The South African Revenue Service (SARS) has officially discontinued the use of printed and posted system-generated letters, marking a permanent shift to fully digital engagement with taxpayers. This change requires individuals to ensure their eFiling profiles and digital contact details are accurate and up to date. The move also heightens the need for taxpayers to be vigilant about scams, especially during tax season. This shift marks a significant milestone in SARS’ digitisation strategy, aimed at modernising its communication systems and streamlining taxpayer engagement.
Key Takeaways
- SARS Shifts to Fully Digital Communication: From 31 May 2025, SARS will no longer send system-generated letters by post, requiring all taxpayers to manage correspondence through eFiling or the SARS MobiApp. This change is aimed at improving delivery efficiency and cutting operational costs.
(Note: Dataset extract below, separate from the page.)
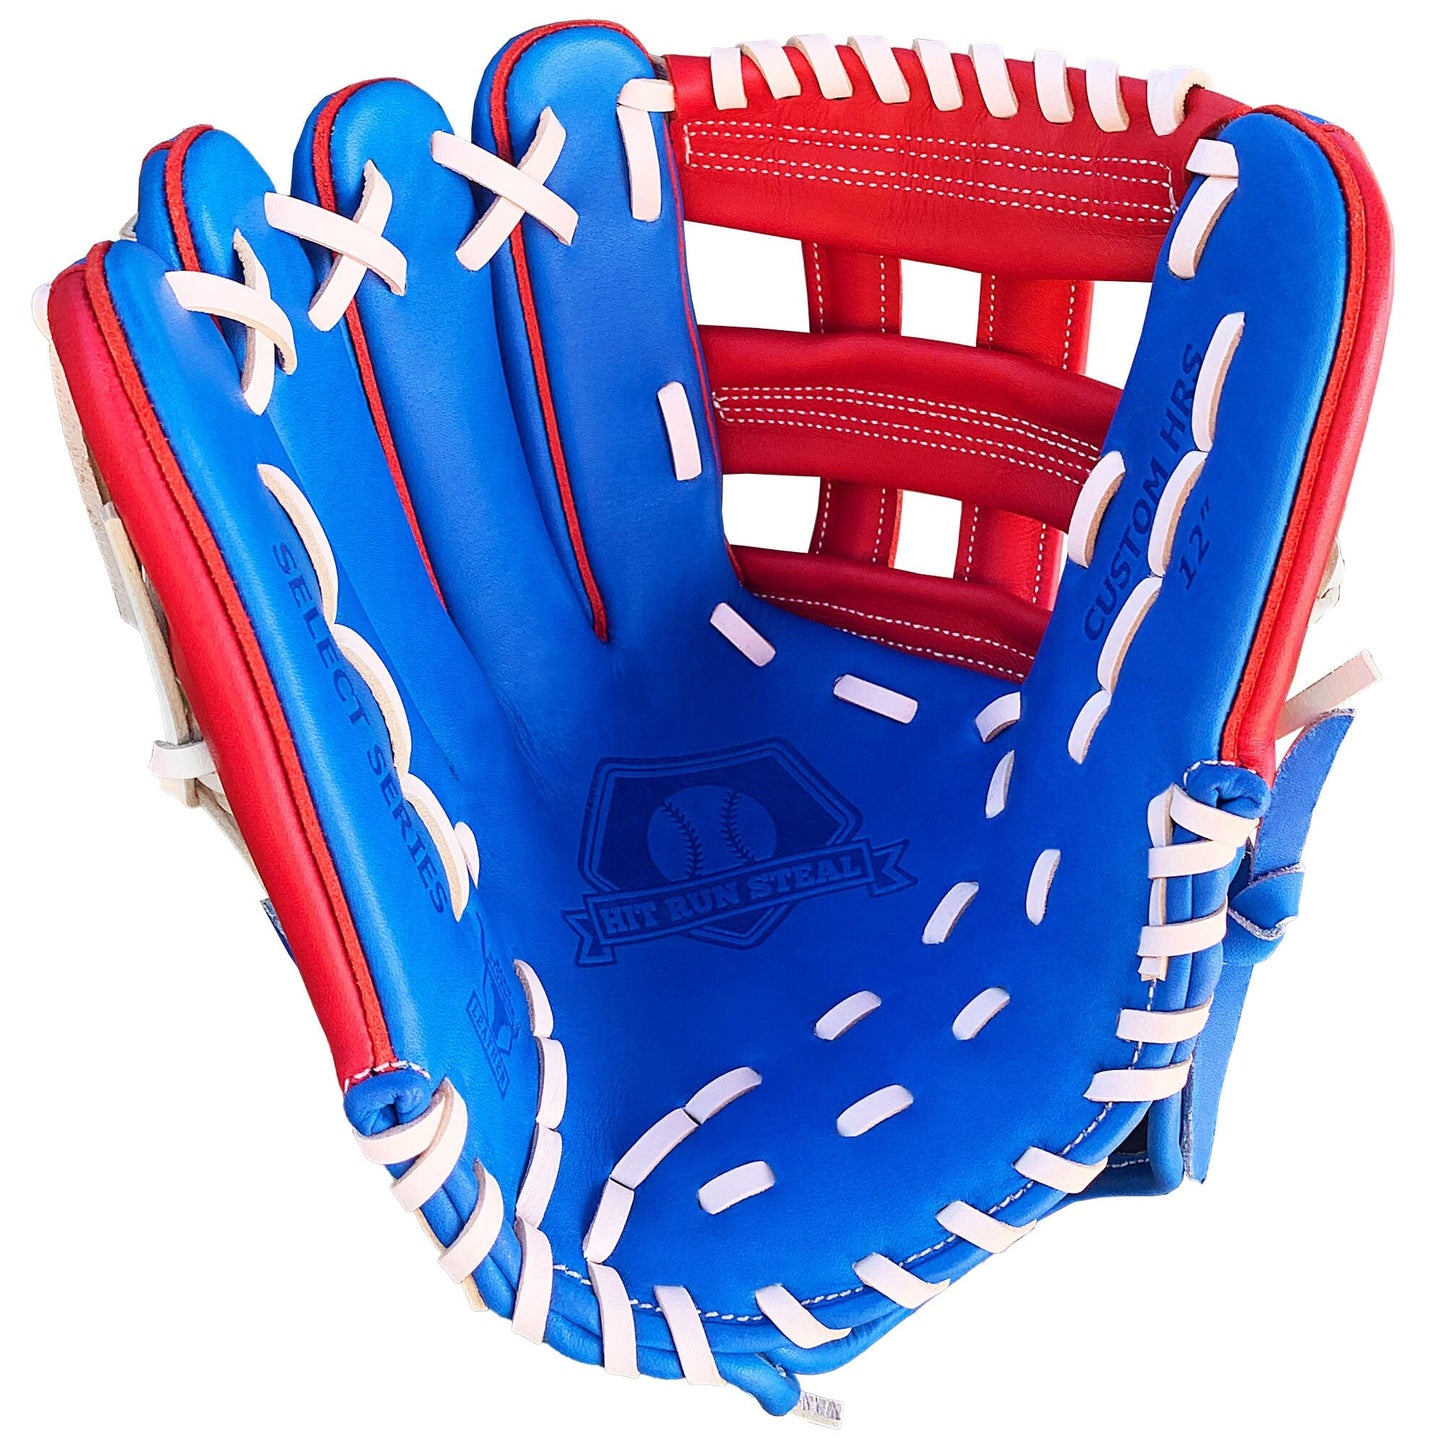 12" - Red / White / Blue - H Web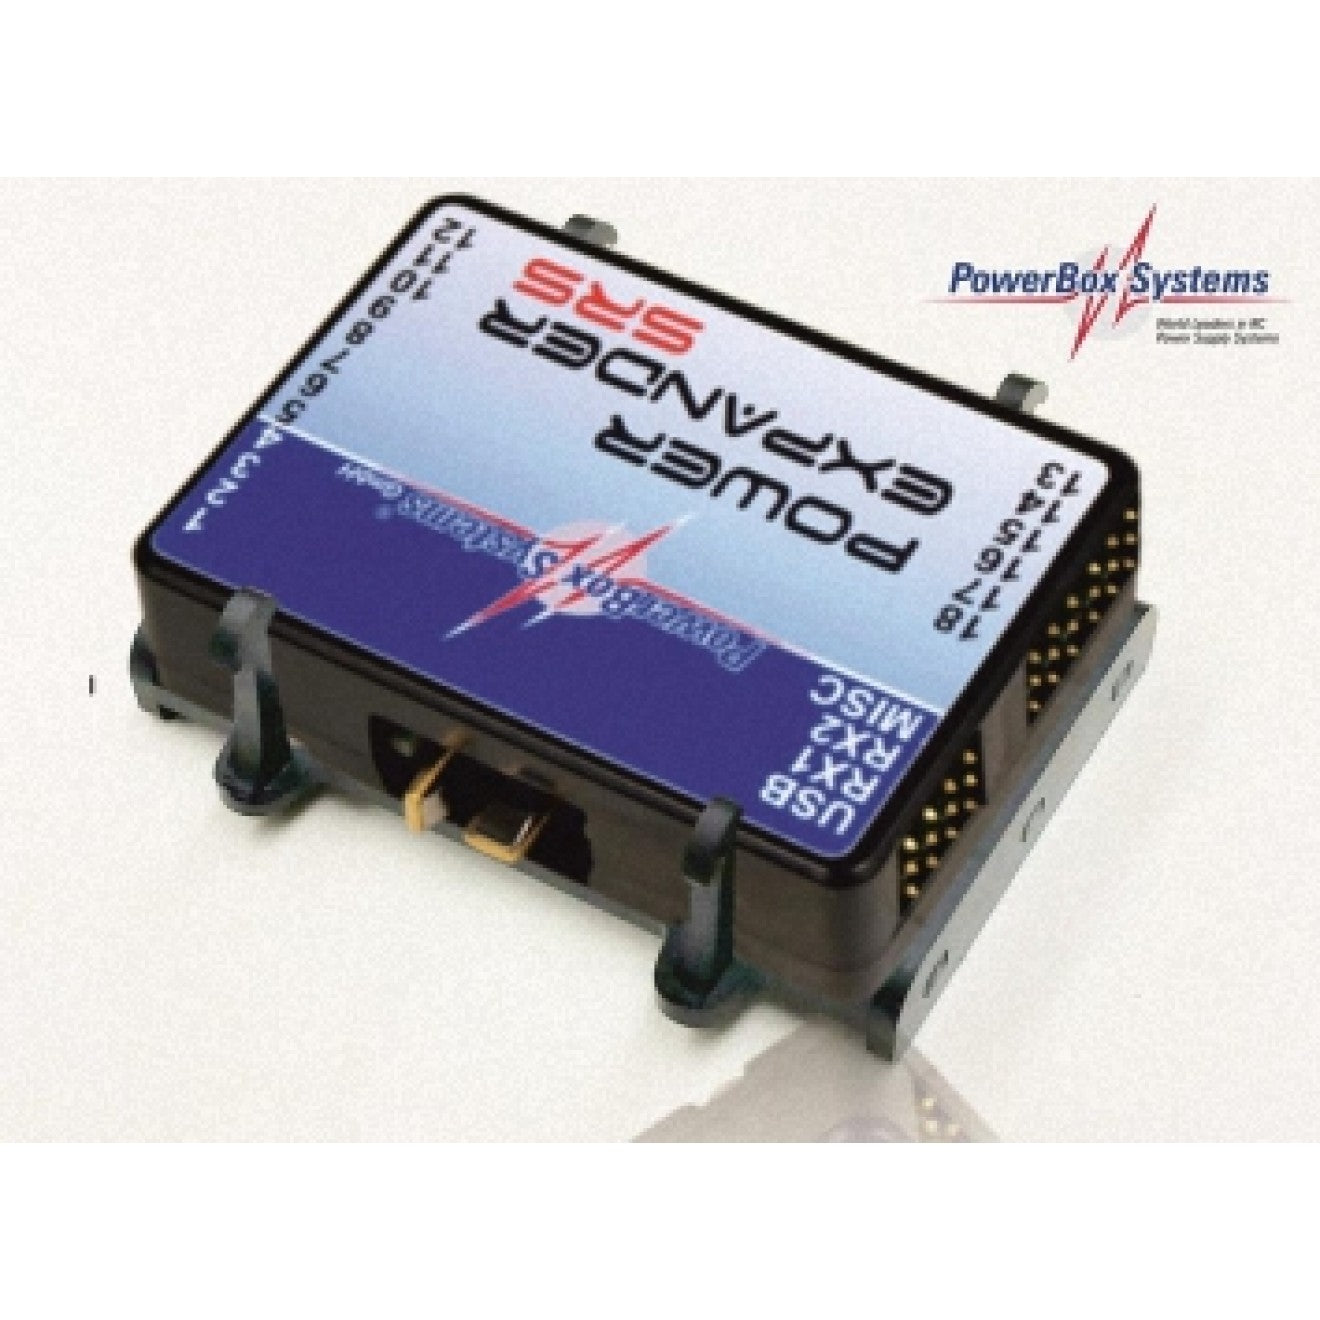 PowerBox Systems PowerExpander SRS Click Holder from STV-Tech 021-06

- Spike in Scams Expected During Filing Season: Phishing and fraud attempts are expected to increase significantly during tax season, with scammers imitating official SARS communications to steal personal or financial information. These scams often use urgency and fear tactics to deceive recipients.
- Ignoring Legitimate SARS Notices Can Be Costly: Failure to respond to digital correspondence may lead to penalties, legal enforcement, or even direct withdrawals from taxpayer bank accounts. All official letters now appear solely in eFiling profiles and the MobiApp.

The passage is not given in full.